После занятия хуйнёй в «мастерской» поехал к Джону, чувствую это станет традицией, после преподавания ездить к нему, пить кофе и пиздеть о всякой ерунде. Мы выпили кофе на кухне, я съел гренки, все, что у него были. Мы переместились в зал, я лёг на диван, а Джон уселся в кресло напротив меня. Эти квартиры одинаковые и мебель тоже одинаковая, выглядит немного по-разному, а по сути одно и тоже и жизни у людей одинаковые. Так вот, я лежал на диване и хуисосил IronMaiden и всех металлюг, особенно Кипелова, ненавижу этих пидаров пафосных. Просил Джона врубить Metallica. Джон сказал:

– Попроси у IronMaiden прощения, и я поставлю Metallica.

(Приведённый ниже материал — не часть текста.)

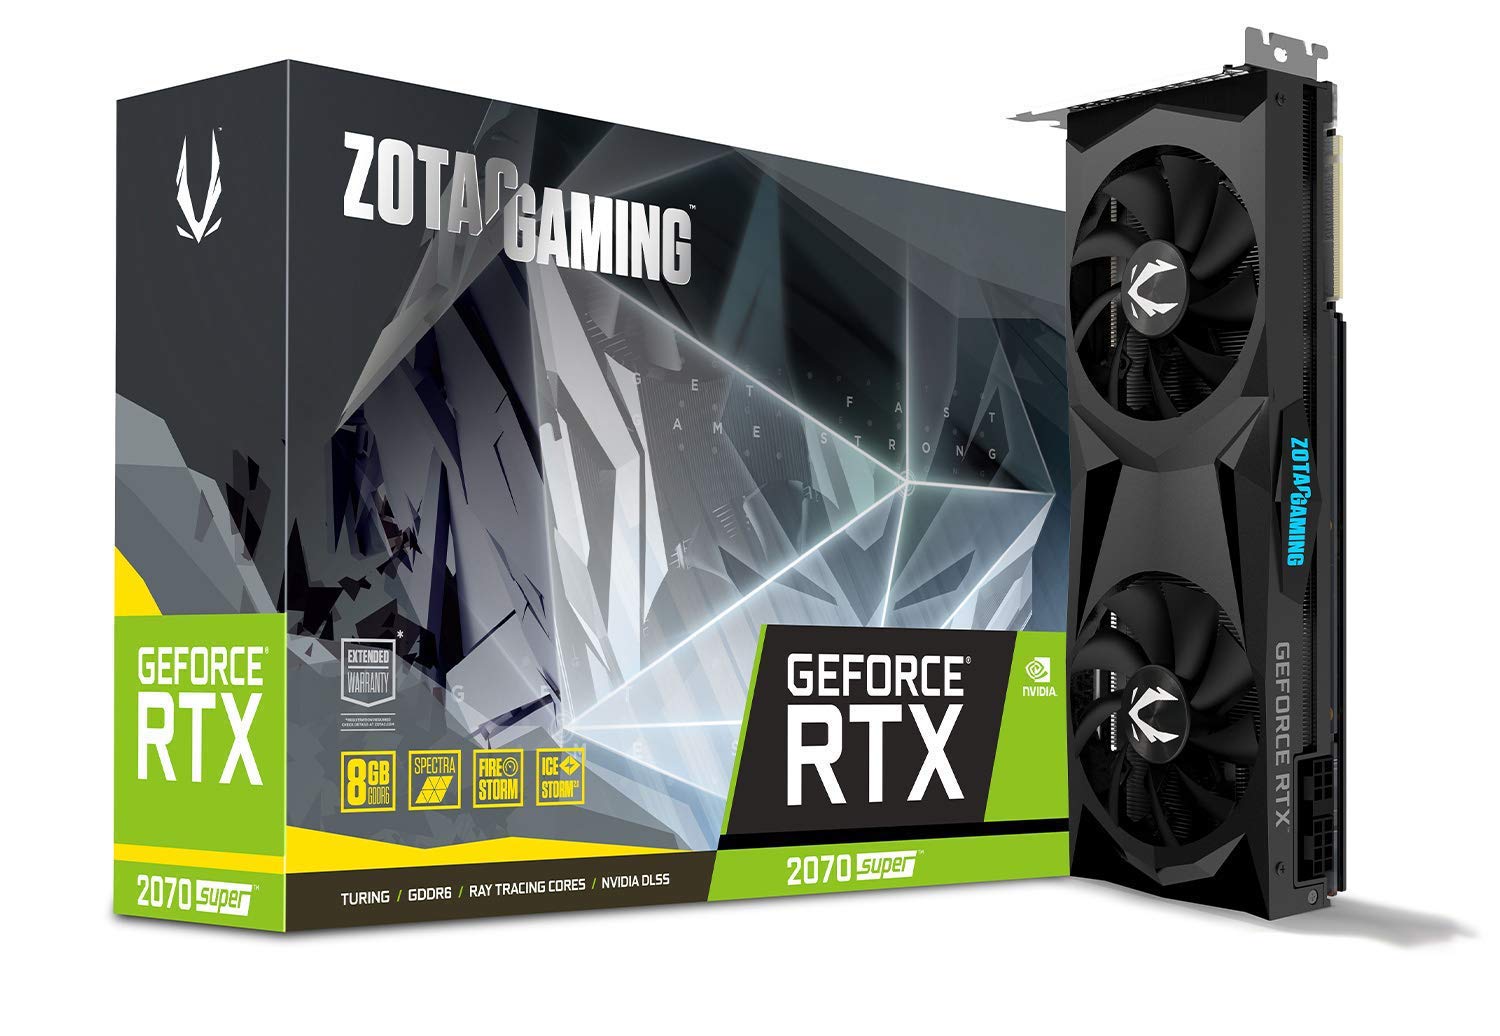 NVIDIA GTX 2070 Super GPU mining graphics cards
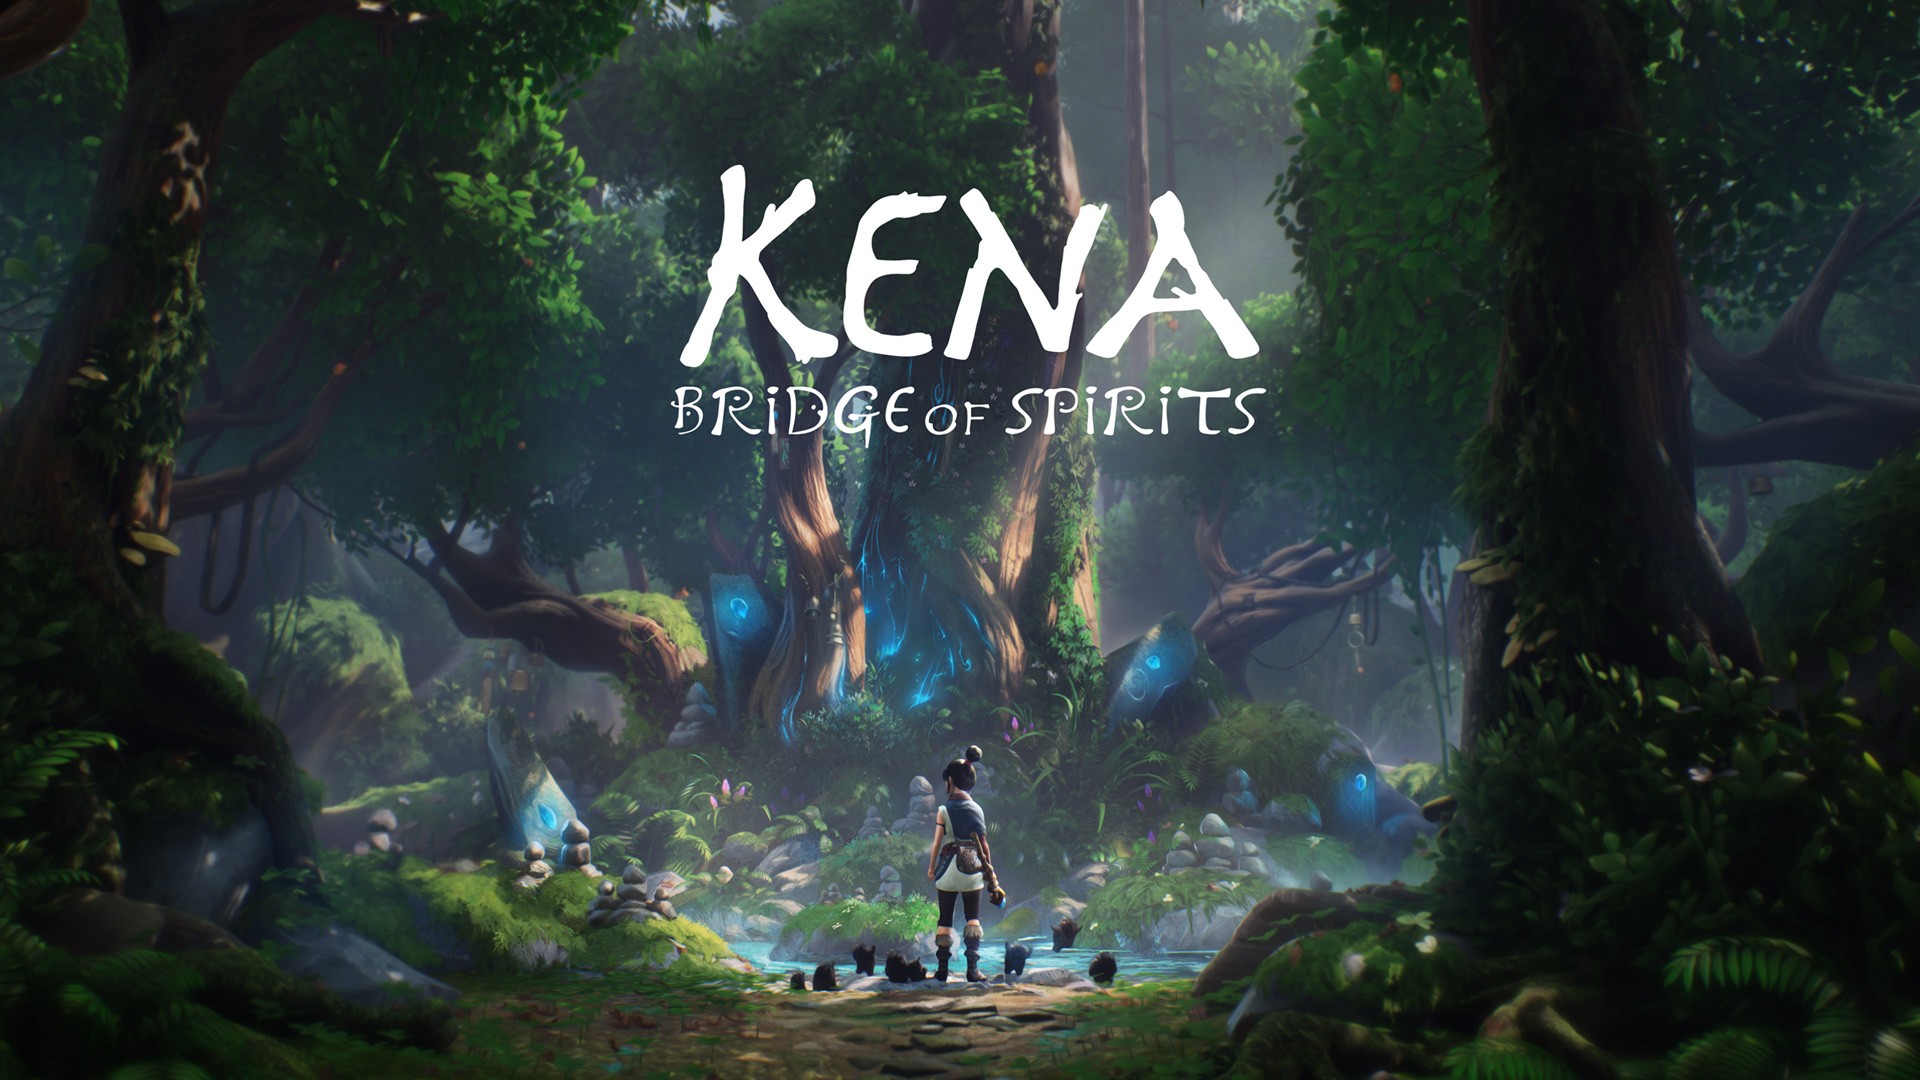 لعبة Kena Bridge of Spirits من استوديو Ember Lab

-IronMaiden, прости меня! – Выкрикнул я в потолок, Джон довольный пошёл ставить «Метлу». Заиграла Nothingelsematters, и я погрузился в воспоминания:

Двенадцать лет назад мы у Джона собирались и жёстко тусили, он был моим учителем музыки, я начинал играть на басухе, но в итоге мы просто сидели на лавочке во дворе музыкальной школы и курили всё время моего урока. Джон с мамой и братом приехал из Кемерова, где очень сильно пил, здесь он был в завязке, даже не матерился, но по каким-то причинам считал, что слово «шараёбиться» не мат и часто произносил его. В то время он был до жути худым, не брил подмышки и носил майки, его волосня торчала в разные стороны и воняла потом, руки сплошь были покрыты переводками, а в ухе на серьге болтался алюминиевый православный крест. Они снимали однокомнатную квартиру в шестом микрорайоне, в комнате стоял диван, кресло, столик, телевизор и маленький магнитофончик, всё советское, кроме телевизора и мафона, они были китайские. К этому магнитофончику Джон подключал бас-гитару и играл вместе с кассетами, динамики не тянули низкие частоты и хрипели так, что невозможно было разобрать. Басуха была самодельная, гриф кривой, а дека ромбовидная, струны какие попало – грязные, мы их даже варили как-то в уксусе, и домотанные проволокой, потому, что оборвались и были коротки. Откуда она появилась у Джона никто не знал, её просто однажды обнаружили в квартире, потом она перекочевала ко мне, ну, а я продал её за три тысячи старому приятелю и половину отдал Джону. Стены в квартире были заклеены коричневыми обоями, вся комната завалена банками из-под кофе с водой в которой плавали окурки. Стоял запах сигарет, перегара и травы. Михуйло с Гариком, как-то притащили целый пакет анаши, нарвали где-то. Он долго стоял на лоджии рядом с крестом с кладбища…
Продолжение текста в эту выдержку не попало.